Radviz

Radviz vizualization with explorative data analysis and intelligent data visualization enhancements.

Inputs
Data
input dataset
Data Subset
subset of instances
Outputs
Selected Data
instances selected from the plot
Data
data with an additional column showing whether a point is selected
Components
Radviz vectors

Radviz ([1]) is a non-linear multi-dimensional visualization technique that can display data defined by three or more variables in a 2-dimensional projection. The visualized variables are presented as anchor points equally spaced around the perimeter of a unit circle. Data instances are shown as points inside the circle, with their positions determined by a metaphor from physics: each point is held in place with springs that are attached at the other end to the variable anchors. The stiffness of each spring is proportional to the value of the corresponding variable and the point ends up at the position where the spring forces are in equilibrium. Prior to visualization, variable values are scaled to lie between 0 and 1. Data instances that are close to a set of variable anchors have higher values for these variables than for the others.

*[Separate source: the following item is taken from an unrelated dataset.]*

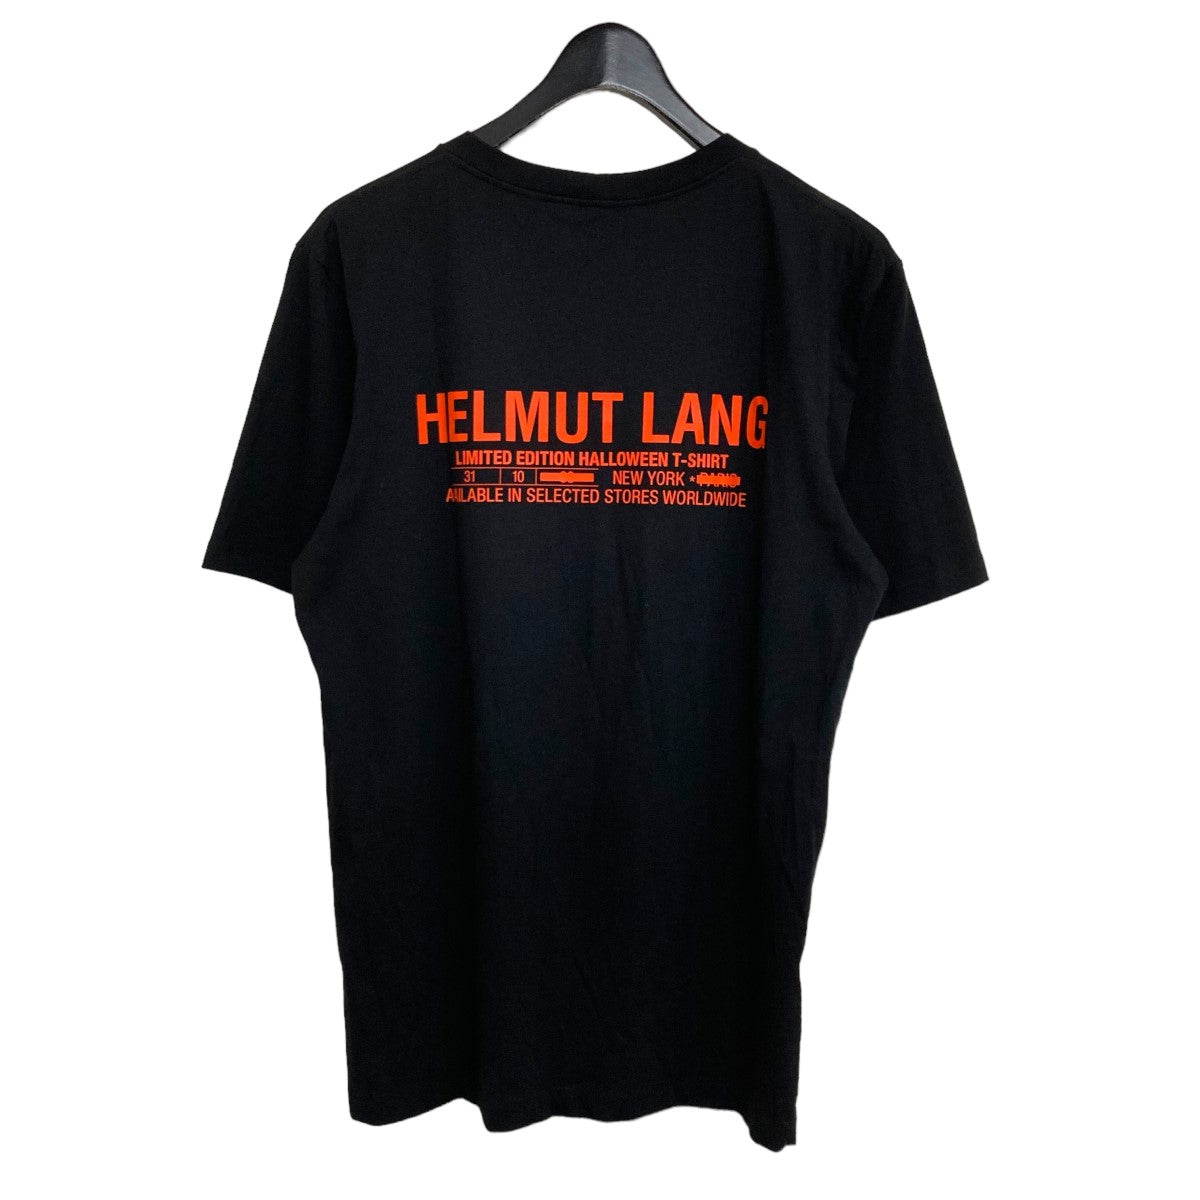 HELMUT LANG(ヘルムートラング) クルーネックTシャツ I09PM501 ...

The snapshot shown below shows a Radviz widget with a visualization of the dataset from functional genomics ([2]). In this particular visualization the data instances are colored according to the corresponding class, and the visualization space is colored according to the computed class probability. Notice that the particular visualization very nicely separates data instances of different class, making the visualization interesting and potentially informative.

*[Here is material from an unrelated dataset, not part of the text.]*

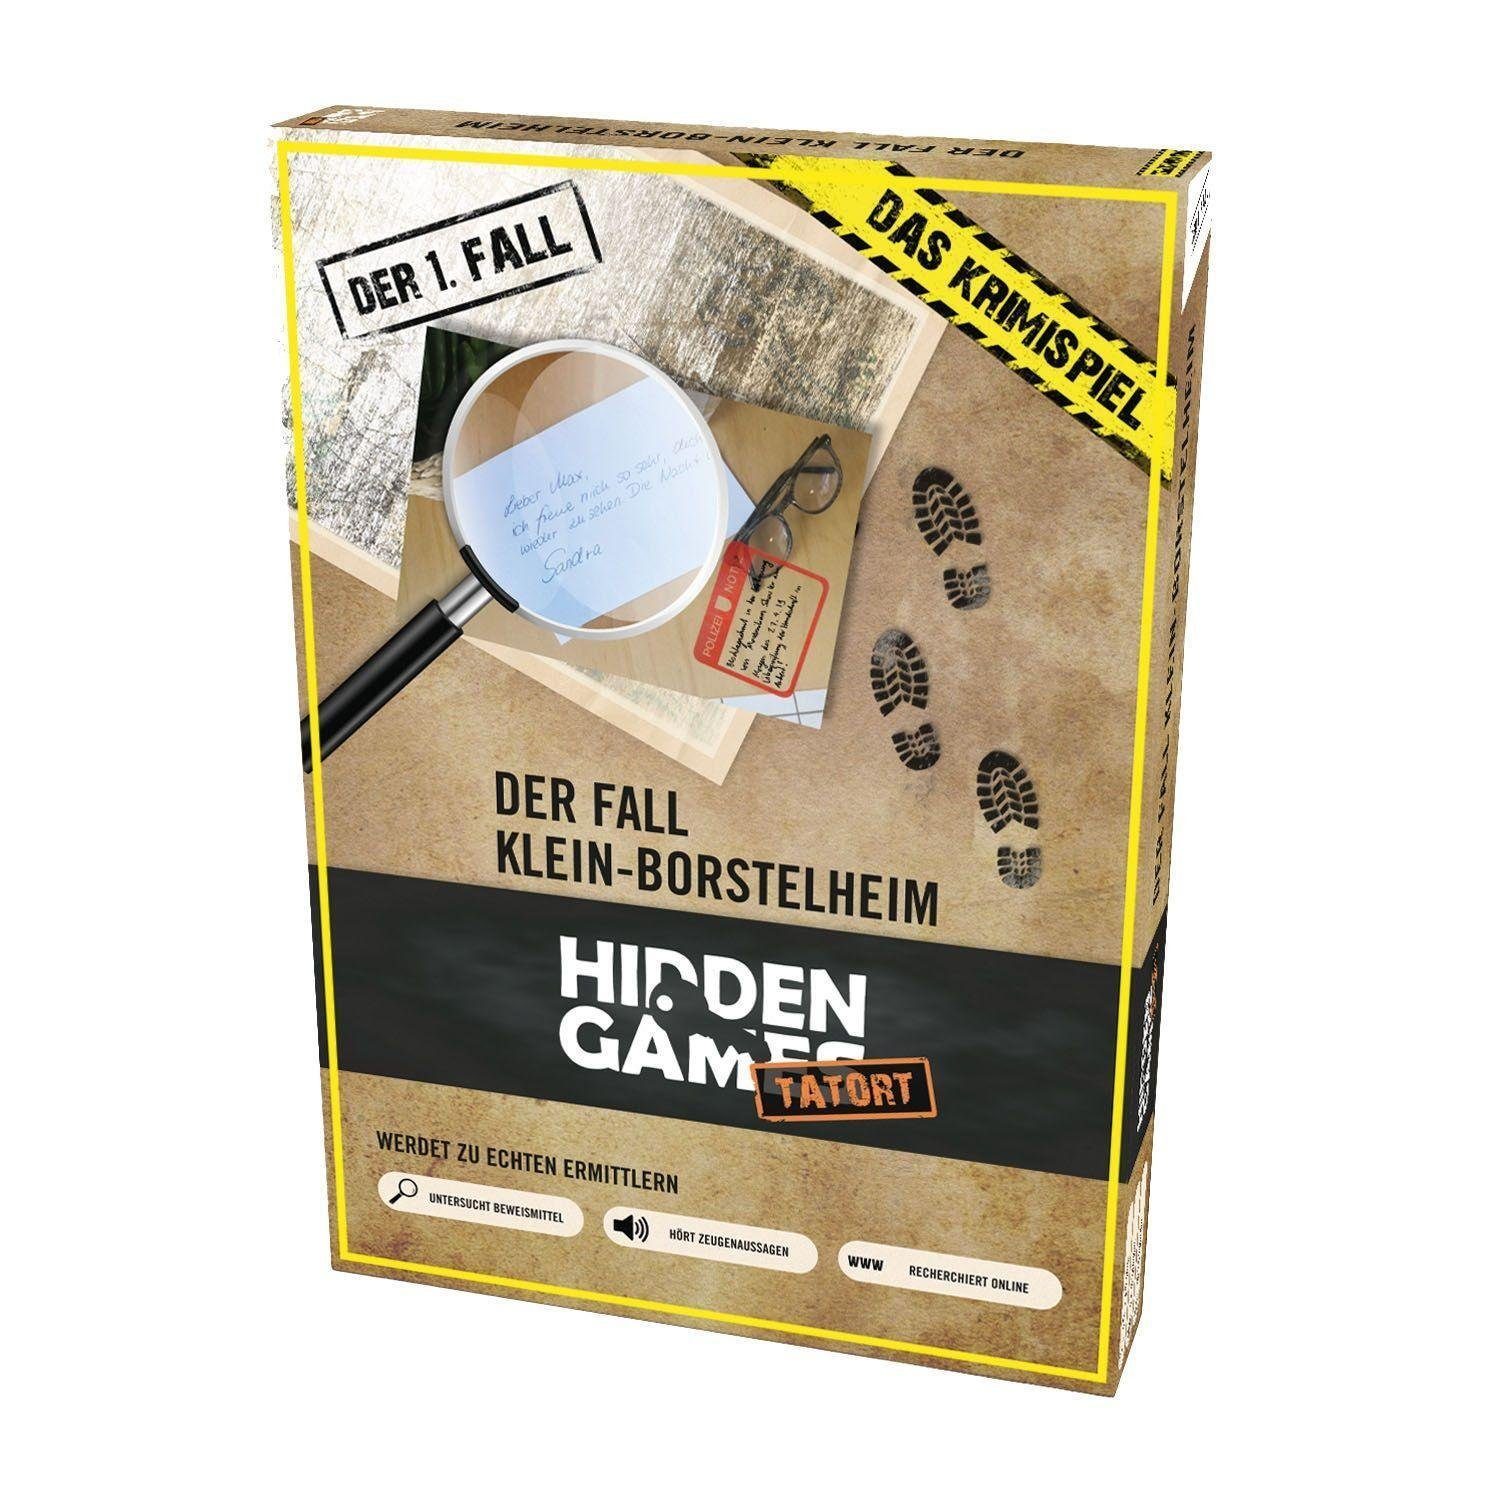 Pegasus Spiele Spiel, Hidden Games Tatort: Der Fall Klein-Borstelheim 1.Fall

../../_images/Radviz-Brown.png

Just like all point-based visualizations, this widget includes tools for intelligent data visualization (VizRank, see [3]) and an interface for explorative data analysis - selection of data points in visualization. Just like the Scatter Plot widget, it can be used to find a set of variables that would result in an interesting visualization. The Radviz graph above is according to this definition an example of a very good visualization, while the one below is not - where we show an VizRank’s interface (Suggest features button) with a list of 3-attribute visualizations and their scores - is not.

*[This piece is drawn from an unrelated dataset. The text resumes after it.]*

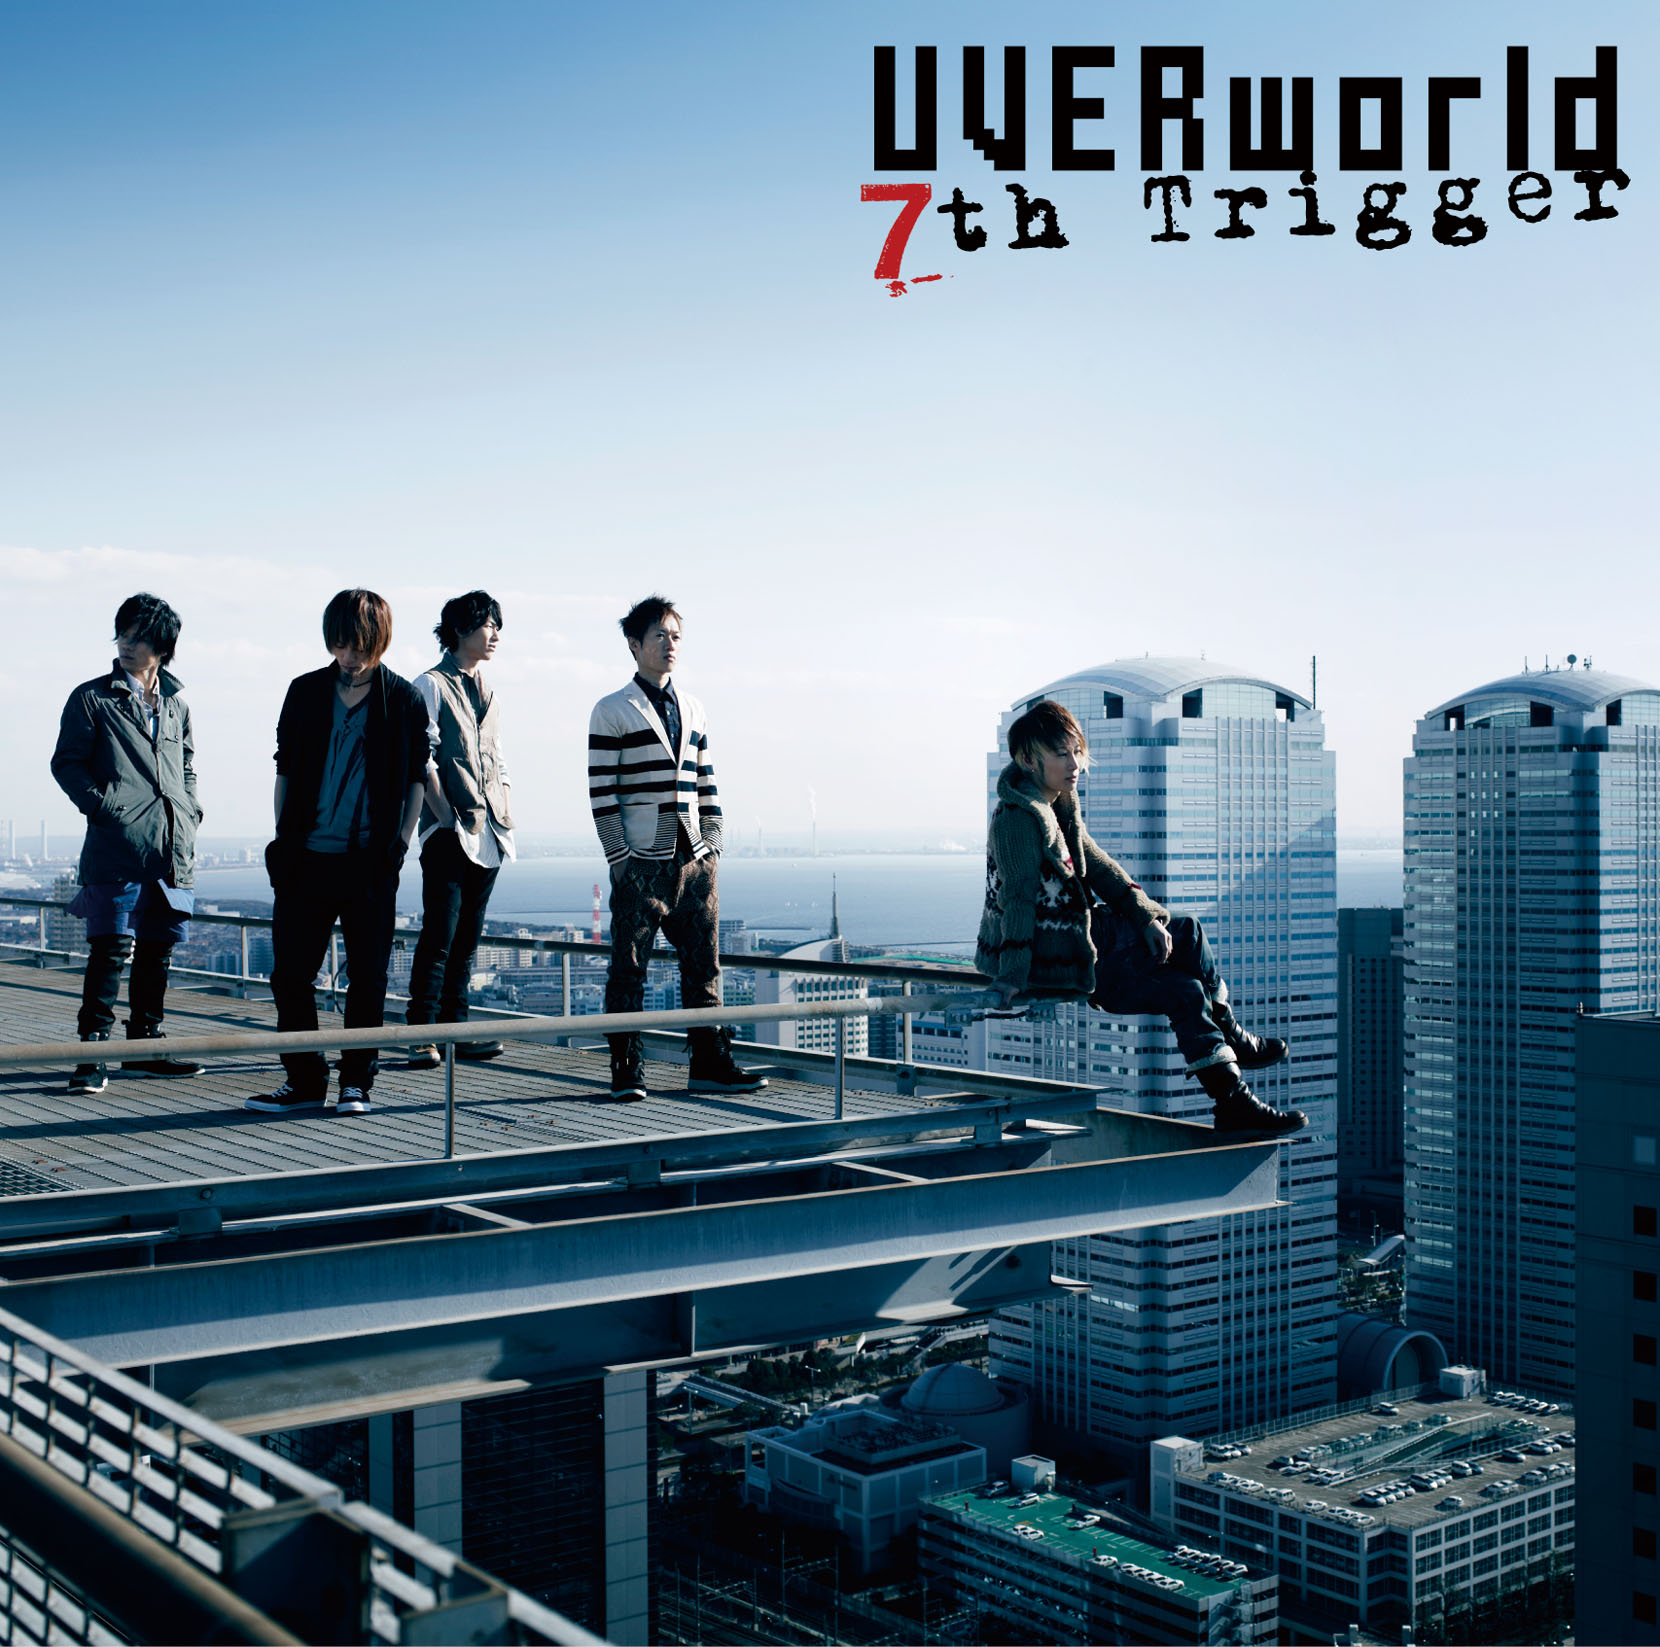 UVERworld 2011 Premium LIVE on Xmas〈2枚組〉

../../_images/Radviz-Brown-2.png

References

[1]Hoffman,P.E. et al. (1997) DNA visual and analytic data mining. In the Proceedings of the IEEE Visualization. Phoenix, AZ, pp. 437-441.
[2]Brown, M. P., W. N. Grundy, et al. (2000). “Knowledge-based analysis of microarray gene expression data by using support vector machines.” Proc Natl Acad Sci U S A 97(1): 262-7.
[3]Leban, G., B. Zupan, et al. (2006). “VizRank: Data Visualization Guided by Machine Learning.” Data Mining and Knowledge Discovery 13(2): 119-136.
[4]Mramor M, Leban G, Demsar J, Zupan B. Visualization-based cancer microarray data classification analysis. Bioinformatics 23(16): 2147-2154, 2007.